Wie ist eure Meinung dazu? Gibt es Aspekte, die tatsächlich für die Grenze sprechen, oder was soll das ganze eigentlich?
Gerne abschaffen, aber:das wird nicht einfach.
Zur krnakenkasse: hier müsste das private System abgeschafft werden, sonst wechselst jetzt noch wer kann, und dann bringt die erhöhung nix.
Zur rentenkasse: hier sollte es mMn perspektivisch ein System geben in das jeder einzahlt, sowohl Beamter, als auch selbstständiger oder privatier. Wenn man hier die Grenze direkt abschafft führt das auch zu bis zu 10% mehr Gehalt bei top verdienern, das wird ordentlich Gegenwind aus der Wirtschaft geben.
Allerdings könnte man dann bei beiden Systemen die Sätze verringern, das sollte auch zur Akzeptanz beitragen.
Und das wären beides gleich aus mehreren Gründen gute Veränderungen im Sinne der Versorgungsgerechtigkeit. Ich stimme zu, dass für eine solche Veränderung viel politischer Wille nötig wäre, auch wenn man sinnvollerweise alles gemeinsam umstellen müsste - aber in der Sache wäre es meiner Meinung nach schon richtig, auch nur eines davon umzusetzen, und daher verstehe ich nicht, dass es darüber so gar keinen gesellschaftlichen Dialog zu geben scheint.
Meinst du die Rentenbeiträge? Die Gehälter würden sich nicht verändern - der Nettolohn eher sinken.

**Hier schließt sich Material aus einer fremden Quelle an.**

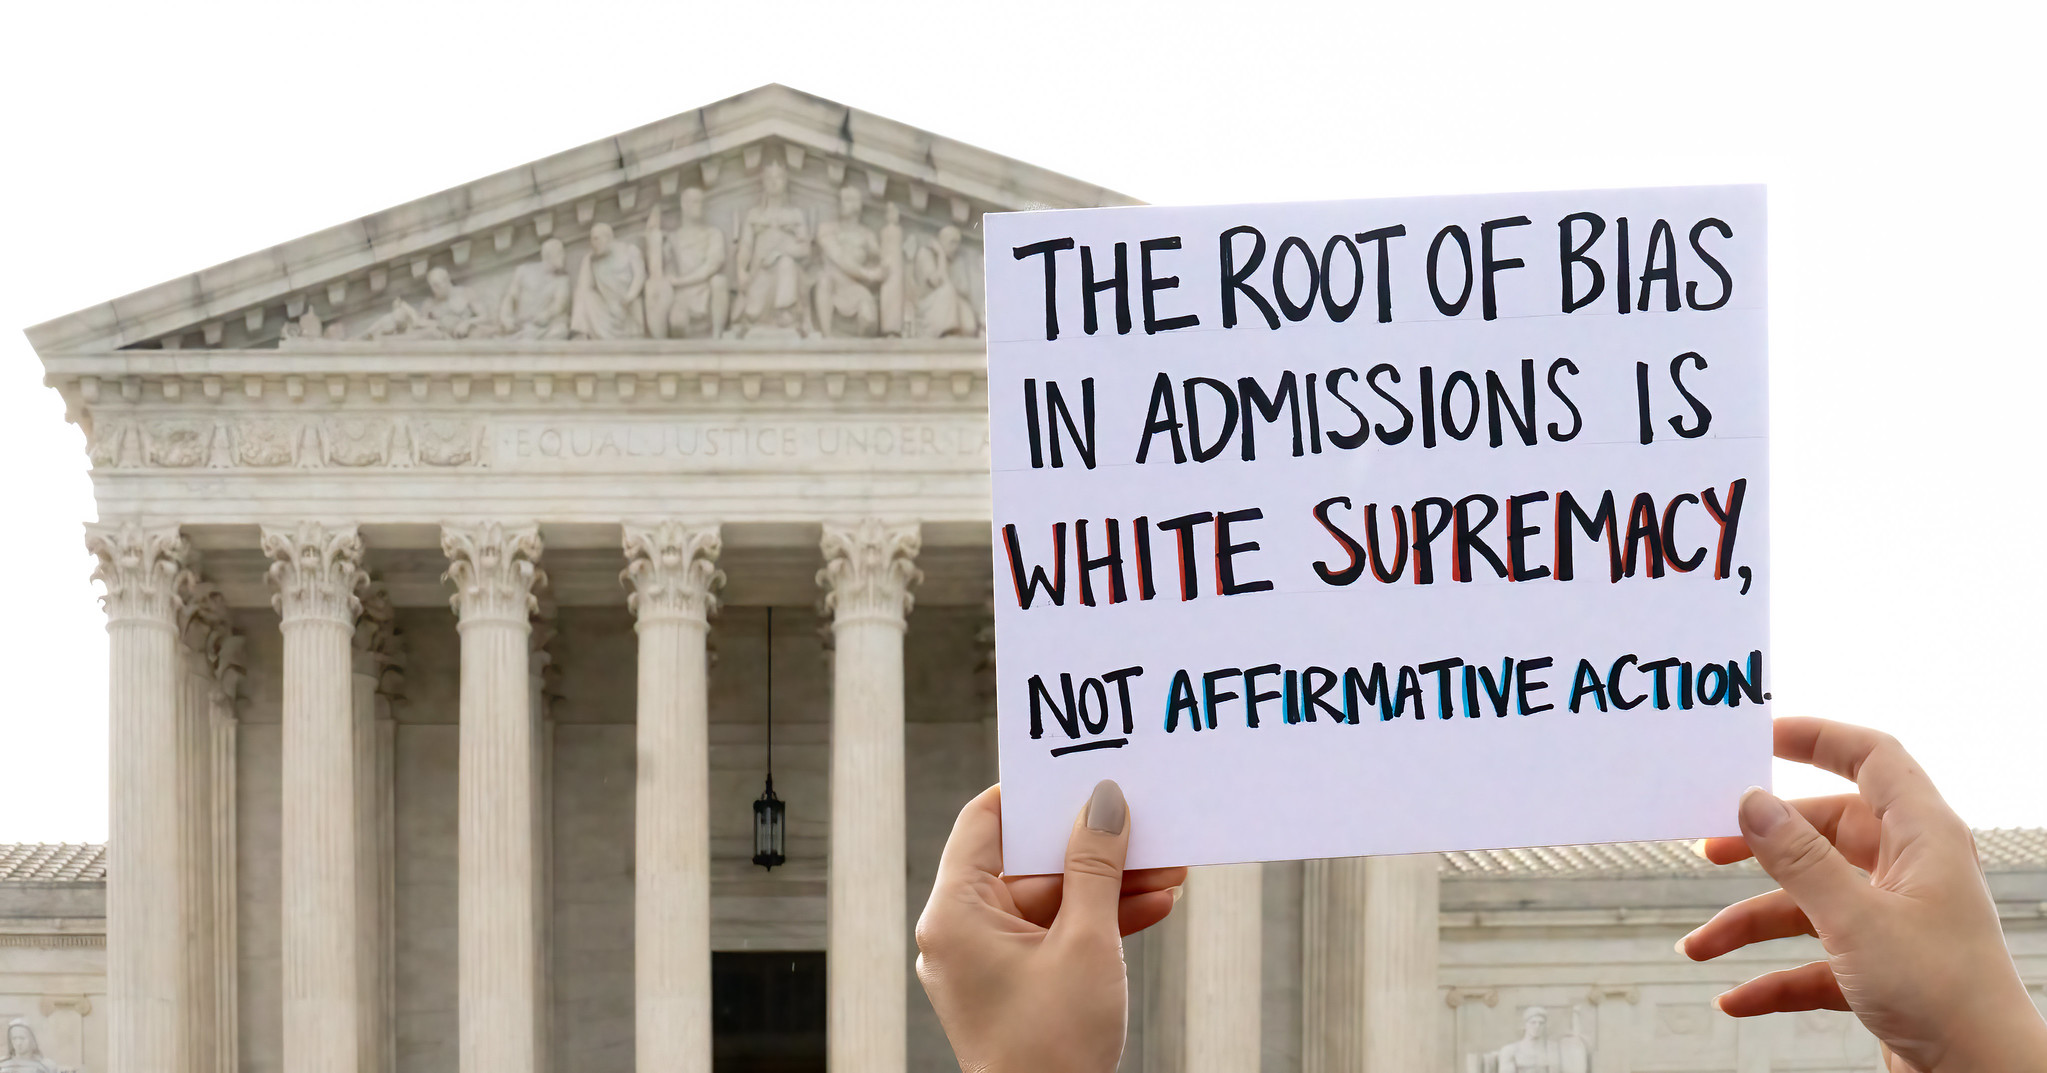 Asian Americans must reckon with how the fight to remove affirmative action is rooted in anti-Blackness

Oder missverstehe ich, was du meinst?
Denn das stimmt schon, höhere Rentenkassenbeiträge würden auch zu höheren Ansprüchen führen, d.h. die ultrareichen hätten auch entsprechend hohe Renten - mehr ausschütten als eingenommen wird müsste der Staat aber auch nicht. Und auch hier ließe sich mittelfristig sicher ein gerechteres System finden. Unterm Strich haben Milliardäre in der Rente sicher so oder so keine Geldsorgen, da sie aktuell ja easy anderweitig vorsorgen können, auch wenn ihre Renten nicht verhältnismäßig zum Lohn berechnet werden. Die Einsparnisse aus der Beitragsbemessungsgrenze, wie auch sonst alles was sie zum Leben eigentlich gar nicht brauchen, können die risikofrei investieren und vervielfachen. Das ist ein Mechanismus der Wertschöpfung, die wir ihnen nicht nehmen können, auch nicht mit einer Bemessungsgrenze.

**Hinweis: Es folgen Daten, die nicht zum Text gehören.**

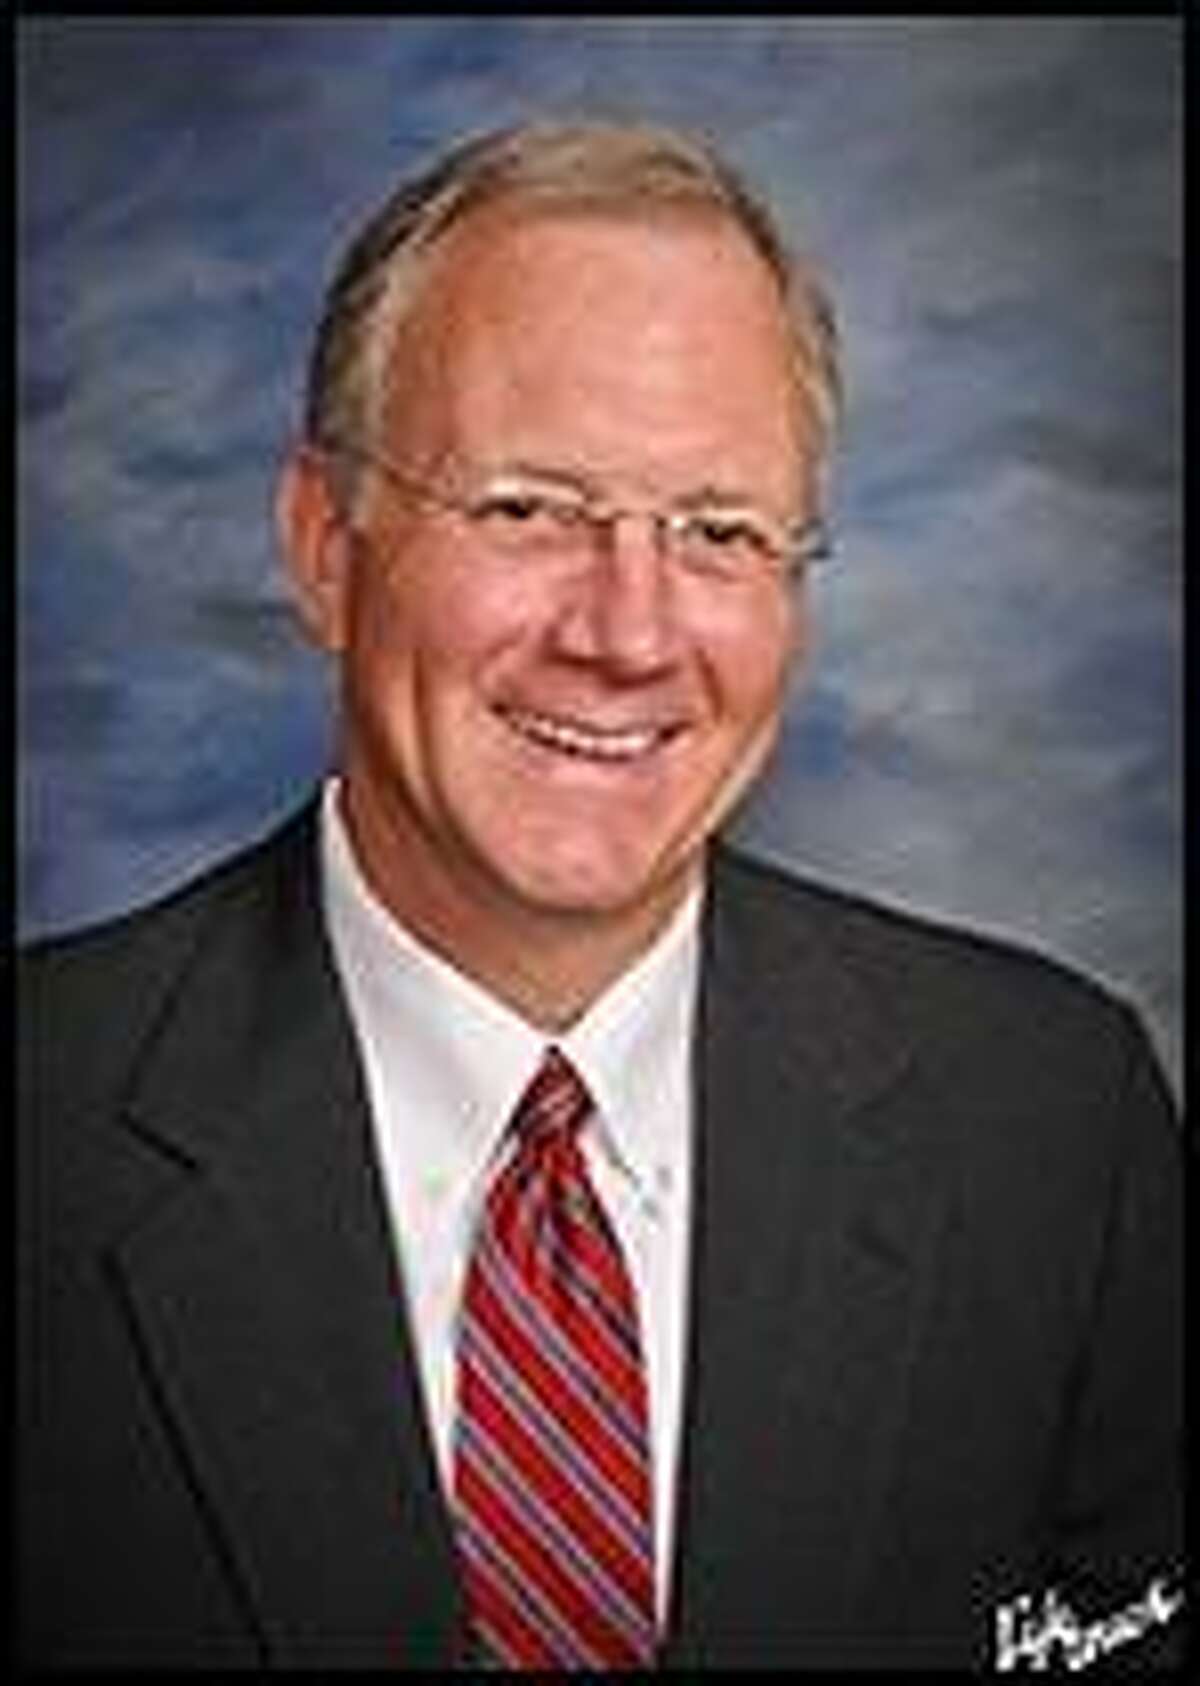 Steve Smith is president of the Comal Independent School District Board of Trustees.

Doch 10% mehr Brutto Lohn wegen der Rente Beiträge, genauer meine ich das Arbeitgeberbrutto. Die Rente Beiträge von 19,6% (Zahl aus dem Kopf bin mir nciht sicher), werden ja halb-halb von Arbeiter und Firma getragen. Das verschleiert die Kosten etwas.
Also wenn du zu 4000 Brutto angestellt bist fließen grob 400 von dir in die Rentenkasse, die firma legt aber nochmal 400 drauf, dein richtiges Arbeitgeberbrutto liegt also höher.
Aber ja, auch das netto der hochverdiener würde sinken.
Die Kosten für die Arbeitgeber würden steigen, aber eben nur genau bis zu dem Punkt, wo es eine Gesellschaft, die nach dem Solidaritätsprinzip arbeitet, vorsehen müsste. Aus der anderen Perspektive gedacht sparen gegenwärtig nämlich die Unternehmen von den Bezieher:innen exorbitant hoher Gehälter, aus irgendeinem unerfindlichen Grund, einen Teil der fairerweise zu fordernden Beiträge. Genau das will ich ja abschaffen.
Klar, ich fände es wie gesagt ohne Grenze auch besser. Ich wollte nur aufzeigen was alles politisch im Weg steht.
Und ich denke auch dass eine höhere Beitragsbenessungsgrenze es erlauben würde die rentenbeiträge zu senken obwohl man weiter das gleiche Renten niveau hält (und die top verdiener trotzdem höhere Ansprüche erwirken).
Ich bräuchte länger das zu erklären, aber hier die grobe Idee:
Wenn die Schere zwischen gut und schlecht verdienen weiter auseinander geht (wie es die letzten Jahre passiert ist), so steigen - wegen der Beitragsbenessungsgrenze - die Beiträge zur Rentenkasse langsamer als die allgemeine Lohnentwicklung. Dadurch sinkt auf Dauer das rentenniveau.